2.2. Myosin Phosphatase Expression during C2C12 Myogenesis in the Presence of Excess T3

Intracellular T3 hormone availability depends on the presence of TH transporters in the plasma membrane, the activity of iodothyronine deiodinases and the expression of TRs, from which DIO2 and TRα were proved to play crucial roles in myogenesis, too [31,32]. Moreover, Wu et al. described the importance of myosin phosphorylation throughout the course of C2C12 differentiation, which is known to be partially dependent on the activity of MP [33]. Thus, we investigated the effect of excess T3 on these regulatory proteins during myoblast differentiation. MCT8 expression demonstrated a small increase during normal differentiation. In the presence of excess T3, MCT8 expression decreased slightly by Day six, which was 24% smaller compared to the vehicle control (Figure 2A). The expression of DIO2 demonstrated a sharp increase from Day three to Day four and continued to rise until the end of regular differentiation. In response to T3 treatment, DIO2 expression was induced consecutively until Day three and started to decline from Day four. By the end of differentiation, it was significantly diminished by 65% compared to the vehicle control (Figure 2B). In terms of TRα expression, it started to increase from Day four under regular differentiation. Upon T3 treatment, the TRα levels were significantly reduced from Day four until the end of differentiation compared to the vehicle control (Figure 2C). MYPT1/2 and MYPT2 expression was gradually increased during normal differentiation, while it showed an opposite tendency in the presence of excess T3 (Figure 3A,C). Despite the increase in MYPT1 expression on the first days of differentiation, it was reduced by Day six compared to the vehicle control (Figure 3B). Similarly, PP1cδ expression was moderately risen throughout normal differentiation; however, T3 overload caused an increase at first, and a modest decrease in its expression by the end of differentiation (Figure 3D).

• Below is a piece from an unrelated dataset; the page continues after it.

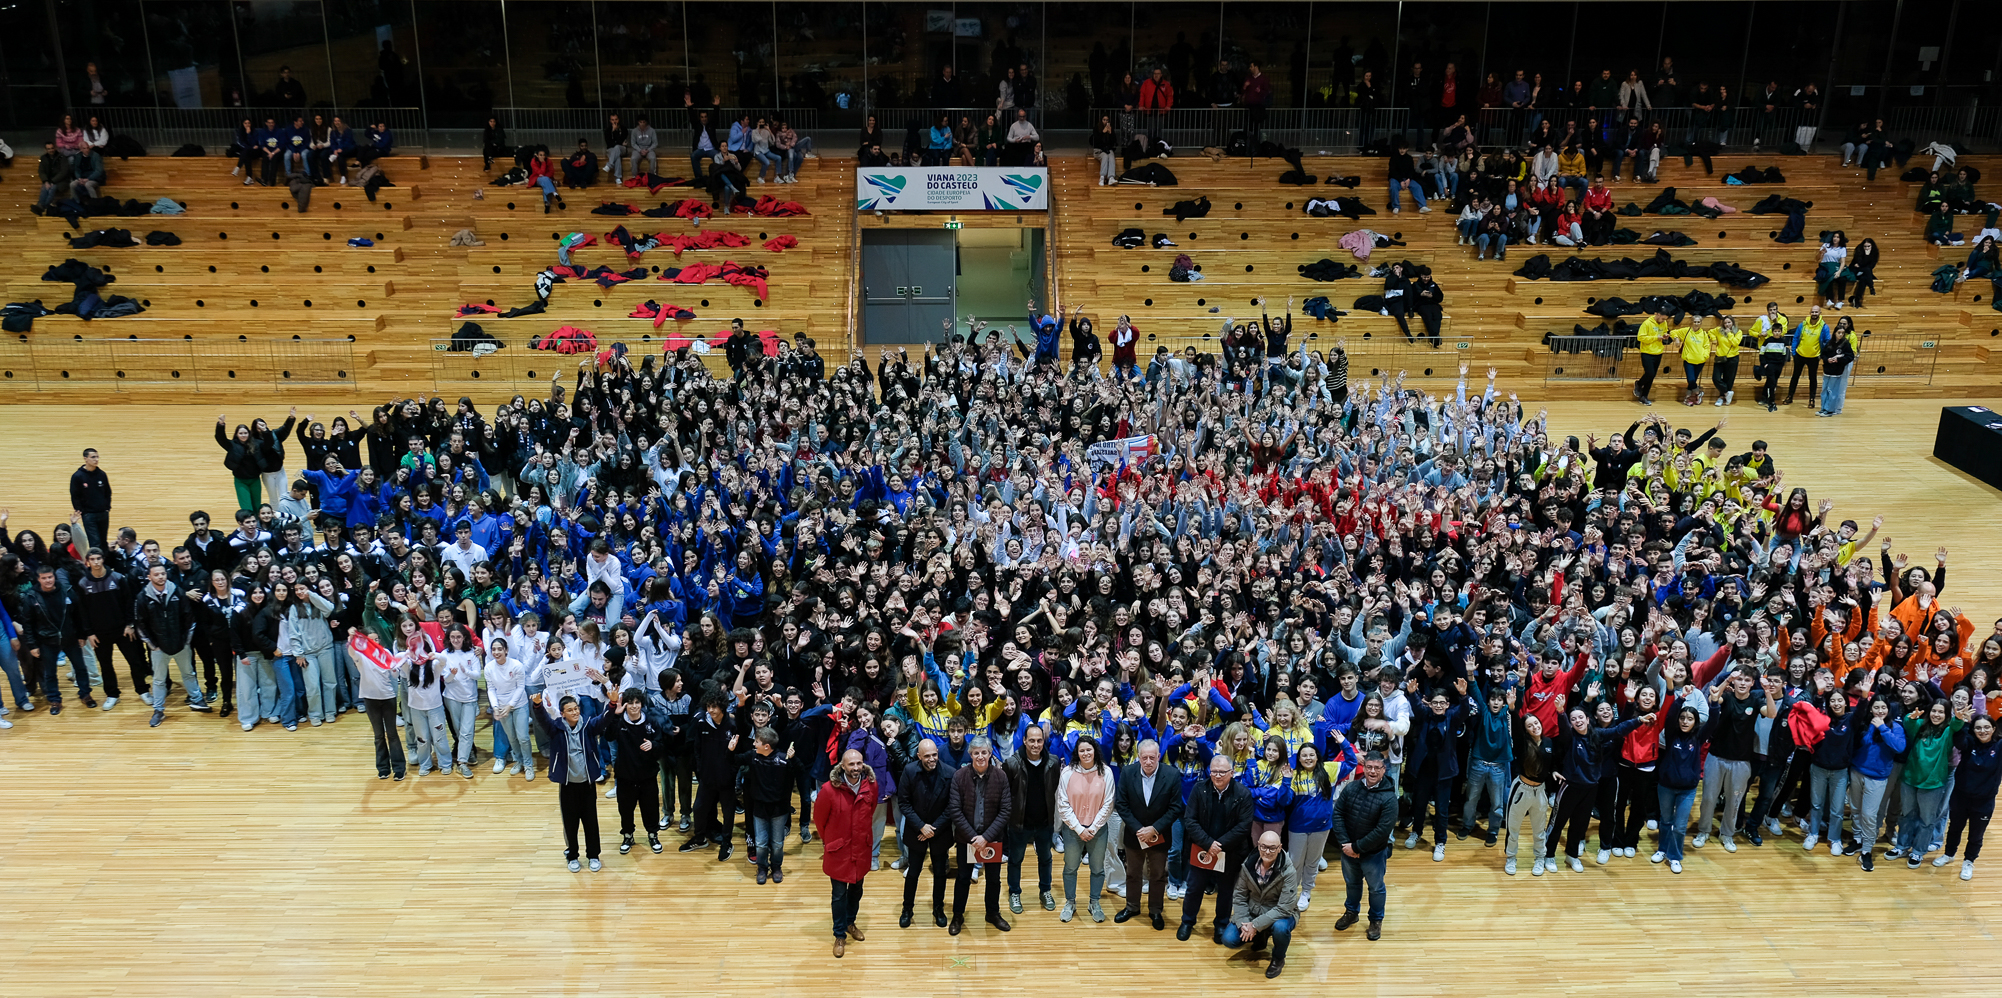 11º Viana Volley Cup traz a Viana do Castelo 1.300 atletas de todo o país e de Espanha

2.3. SMTNL1 Overexpression Induces the Phosphorylation of MYPT1 and MLC20 in Myoblasts

SMTNL1 is known to inhibit the MP holoenzyme by directly binding to MP in the cytoplasm and by suppressing the expression of its regulatory subunit (MYPT1) at the transcriptional level [28]. Since MYPT1 is the main isoform in the MP present in non-differentiated C2C12 cells (Figure 3A,B) we examined the effect of SMTNL1 overexpression on the expression and phosphorylation of MP and its substrate, MLC20, under supraphysiological T3 exposure in myoblasts. Our data demonstrate that SMTNL1 expression was induced by 85% as a result of transfection in myoblasts (Figures S2A and S1C). T3 treatment resulted in a slight decrease in the inhibitory phosphorylation of MYPT1, while the expression of MYPT1 showed no changes (Figure 4A,B). In contrast, SMTNL1 overexpression alone and in combination with T3 significantly reduced the expression of MYPT1, and enhanced the Thr696 phosphorylation of MYPT1 by 22 and 24%, respectively (Figure 4A,B). Remarkably, the SMTNL1-induced elevation in MYPT1 inhibitory phosphorylation was accompanied by an increase in the phosphorylation of MLC20 on Ser19 residue (Figure 4D). T3 treatment caused a small but not significant decrease in MLC20 phosphorylation (Figure 4D). The PP1cδ and MLC20 levels remained unchanged in response to any treatment (Figure 4C,E). Notably, SMTNL1 overexpression did not change the expression of MYPT2, while T3 treatment alone or in combination with SMTNL1 overexpression elevated MYPT2 expression (Figure S3). These results indicate that SMTNL1 has a major impact on MYPT1 in myoblasts.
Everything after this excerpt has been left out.